Литмир - Электронная Библиотека
A
A

– Ну, погуляй, погуляй, – благодушно заметил дед и с хрустом развернул свежую газету, которая лежала на маленьком столике возле входа. Он устроился в кресле в той же кухне, налил себе в чашку еще чая, добавил туда чего-то ароматического, взятого из старой, наполовину пустой бутылки, и небрежно помахал мне рукой. – Ступай, дружок, ступай, ведь в твои годы человеку хочется бегать туда-сюда без всякой цели, а не сидеть в тишине и покое.

Подтвердив своим поведением его правоту, я покинул дом и отправился бродить по улицам. Мое первое впечатление подтвердилось. Глаза мои непрерывно переходили от одного вида на другой, не в силах ни на чем остановиться. Как такое возможно? Несколько прохожих, которых я повстречал, приостанавливались при виде незнакомого ребенка, и со всяким я вежливо здоровался и называл свое имя, так что, полагаю, через час уже весь Саут-Этчесон был в курсе, что к достопочтенному Дерби Коннору Эллингтону прибыл его внук, сын покойной его дочери.

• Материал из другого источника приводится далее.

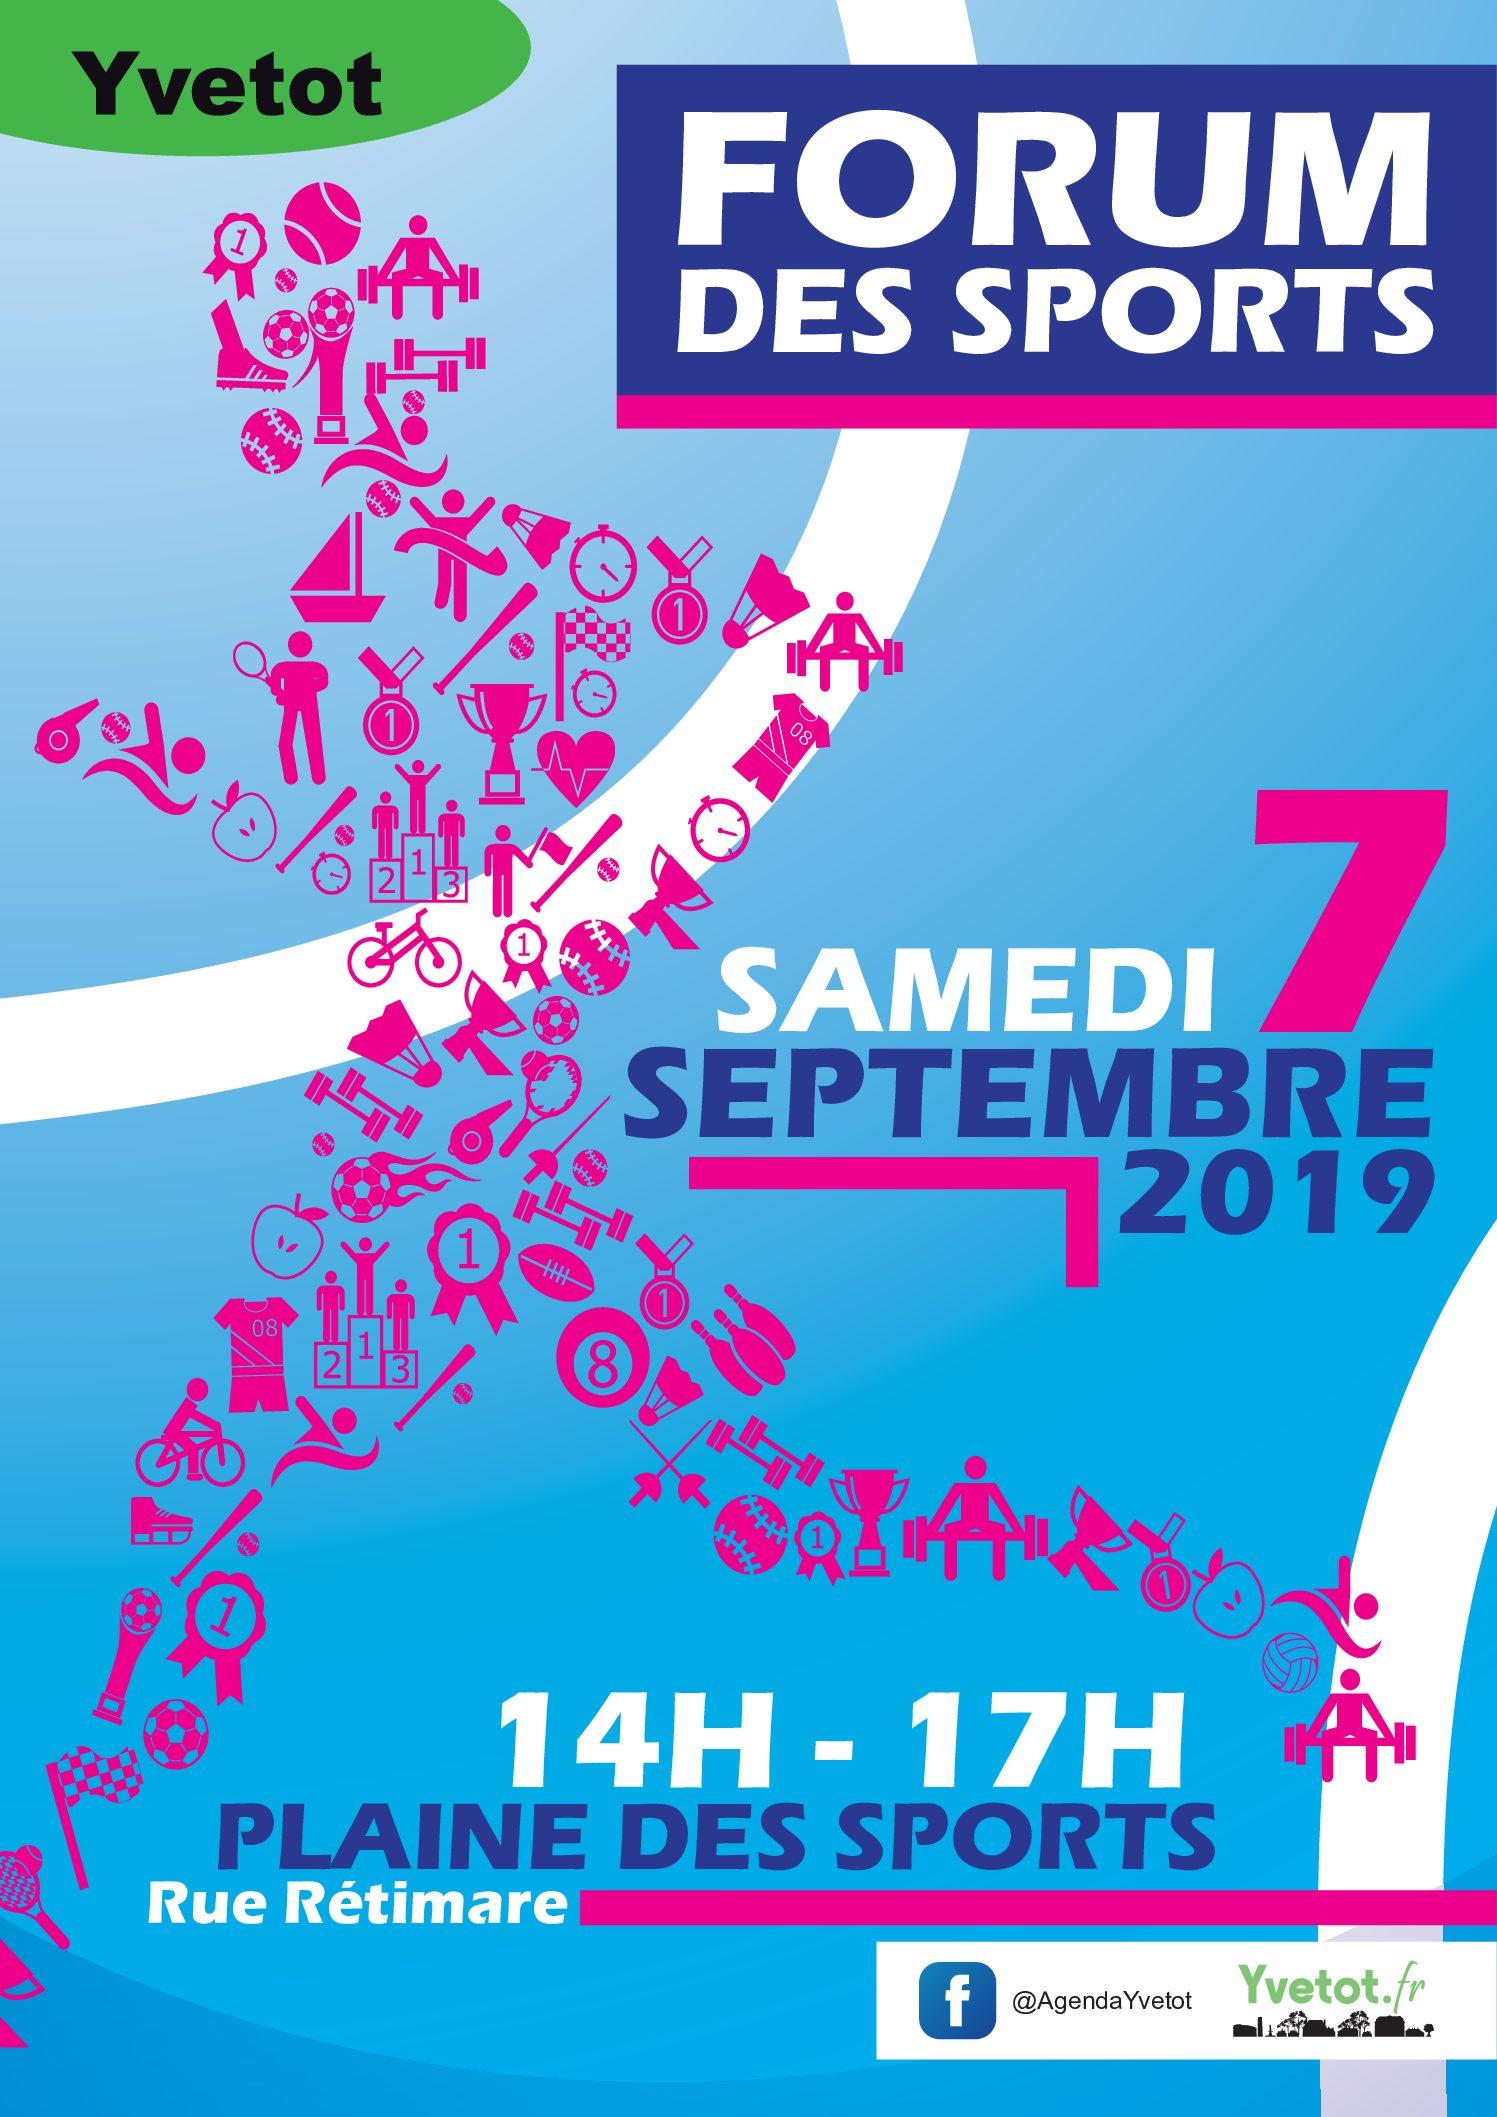 DACS_SPORTS_Affiche_Forum_des_sports_2019-1

Мою мать многие помнили – разумеется, не взрослой женщиной, а ребенком, – и две или три дамы, услышав ее имя, с самым грустным выражением лица погладили меня по голове, однако больше ничего не прибавили.

Вскоре у меня неимоверно начали болеть глаза: несомненно, это произошло из-за необходимости находиться на чрезмерно ярком свету, среди в прямом смысле слова пылающих красок, которыми буквально сочились стены здешних строений.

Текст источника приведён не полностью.